The navigator subclass, such as the NavigatorNavmesh, is indeed tied to the navigation mesh. It's an implementation of my interface where it is tied closely to how the navigation mesh stores data. The Navigator is my path finder and my path smoother. This object serves several purposes for me. It represents the state of navigation for a particular entity. The navigators could be updated from multiple threads, modifying their internal search state and referencing the navigation mesh in a read only manner, they could be updated serially in a time spliced sort of manner(allowing many paths to be in progress simultaneously), and it shields the rest of the code from the choice of navigation system I'm using, allowing me to change it easier at a later point. Also, since it maintains its own internal state which may involve functionality closely related to the navigation system, it can handle the dynamic aspects of path following was well, such as string pulling, often implemented in a way that requires regular maintenance of the path which can be encapsulated in the navigator.

You don't have to do it this way. You can just create a function on your map class or something if you want to start simple that solves a path and gives you back an immediate result in the form of filling in a result object or a list of path nodes, etc.

Status TileMap::FindPath( PathResult & resultOut, const vec2 & src, const vec2 & dst, ... );

Path nodes hold the state of the navigation query at a particular state, the code, the parent pointer for reconstructing the path when the goal is found, etc. This is temporary scratch data and doesn't belong in the same objects as your Tiles, which presumably hold a reference to the image used for that tile, whether the tile is solid or not. I think about the tile map in a 2d game as an image, and the tiles as the pixels of the image, the color channels as the data about those tiles. I would not bloat that data with pathfinding search state. Other than bloat, if the tile map, of which there is presumably only 1 copy of, contains the search state, you can only solve for 1 query at a time.

I would suggest, even if you keep it as a simple function call for an immediate path solution and nothing fancy like a navigator, that you keep the search state separate from the tiles.

something like


struct PathNode
{
    int x,y; // coordinate of node in tile map

    // search state
    PathNode * mParent;
    float g, f;
    ....
}

That's pretty much my setup as well. I think of the tile nodes on the map as essentially read-only data. Though I have read about those who try to keep it all in one, and use bit flags so that multiple units can do path searches on the grid.

If you're worried about the overhead of the path nodes, you can always have them wrapped up in a memory manager, so it can dole out nodes as needed without constantly allocating and deallocating them during searches.

As long as the tile maps aren't huge, if it's dynamic allocation you want to avoid I would allocate a pool of 2d pathnode arrays of the same size as the tile map. Then the only potentially dynamic aspects of the pathfinding is the open list.

The overhead of the nodes is certainly in additional memory, but you gain much more than you lose by being able to thread out the searches, or incrementally update multiple searches at the same time.

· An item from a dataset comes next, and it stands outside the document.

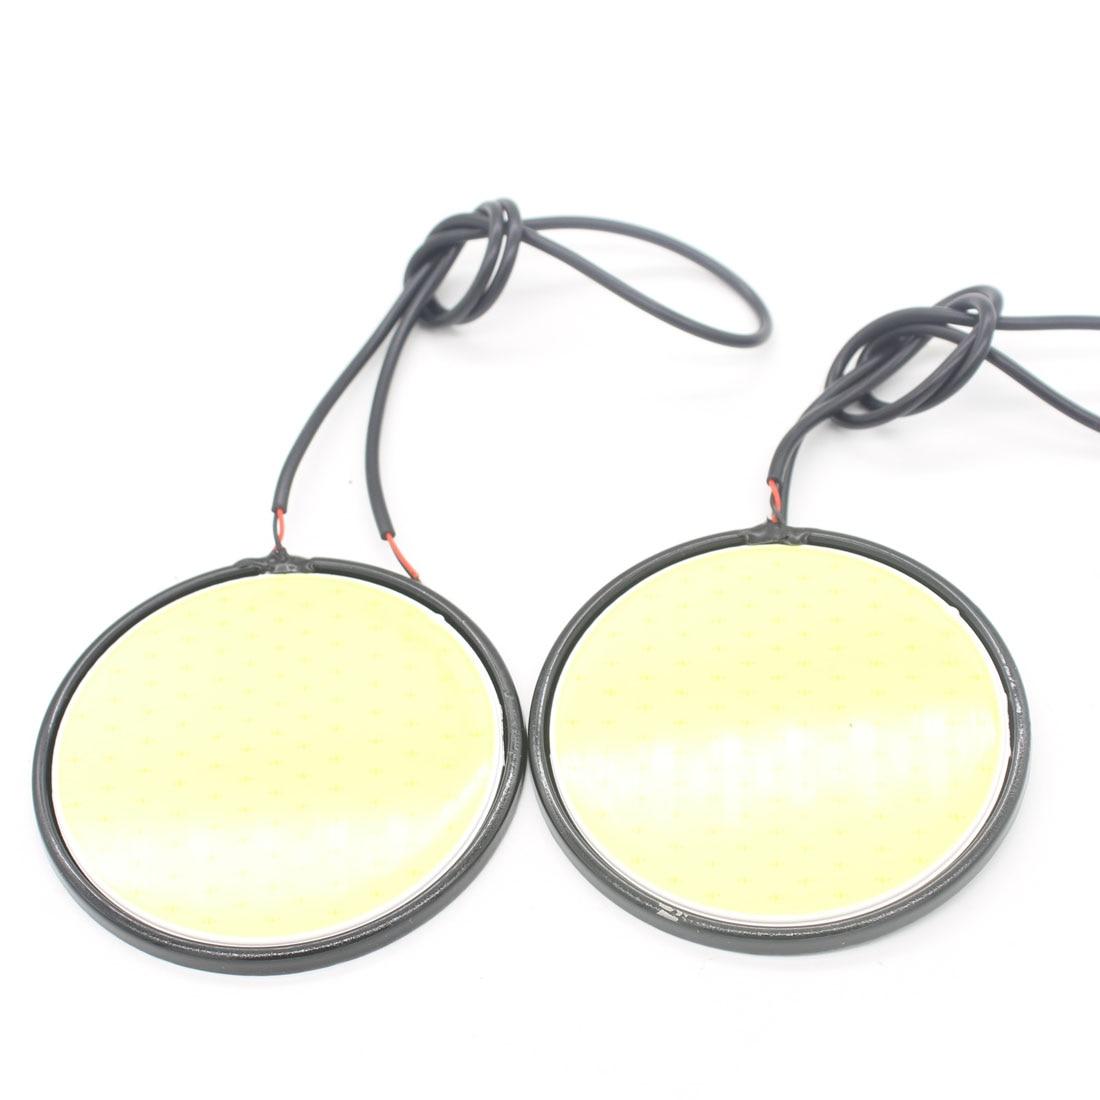 2X Auto Car LED COB Daytime Running Light Warning Turn Signal Light Fog Reverse Light Interior

As long as the tile maps aren't huge, if it's dynamic allocation you want to avoid I would allocate a pool of 2d pathnode arrays of the same size as the tile map. Then the only potentially dynamic aspects of the pathfinding is the open list.

The overhead of the nodes is certainly in additional memory, but you gain much more than you lose by being able to thread out the searches, or incrementally update multiple searches at the same time.

Why allocate pools the size of the tilemap? Depending on the game, I wouldn't imagine most searches would create pathnodes equal to the size of the tilemap. A simple wrapper like this:


public class ObjectPool<T> where T : class, new()
{
    private Stack<T> m_objectStack = new Stack<T>();

    public T New()
    {
        return (m_objectStack.Count == 0) ? new T() : m_objectStack.Pop();
    }

    public void Store(T t)
    {
        m_objectStack.Push(t);
    }
}

While super simplistic, would do a decent job of keeping allocations to a minimum without the overhead of exponentially increasing the memory footprint.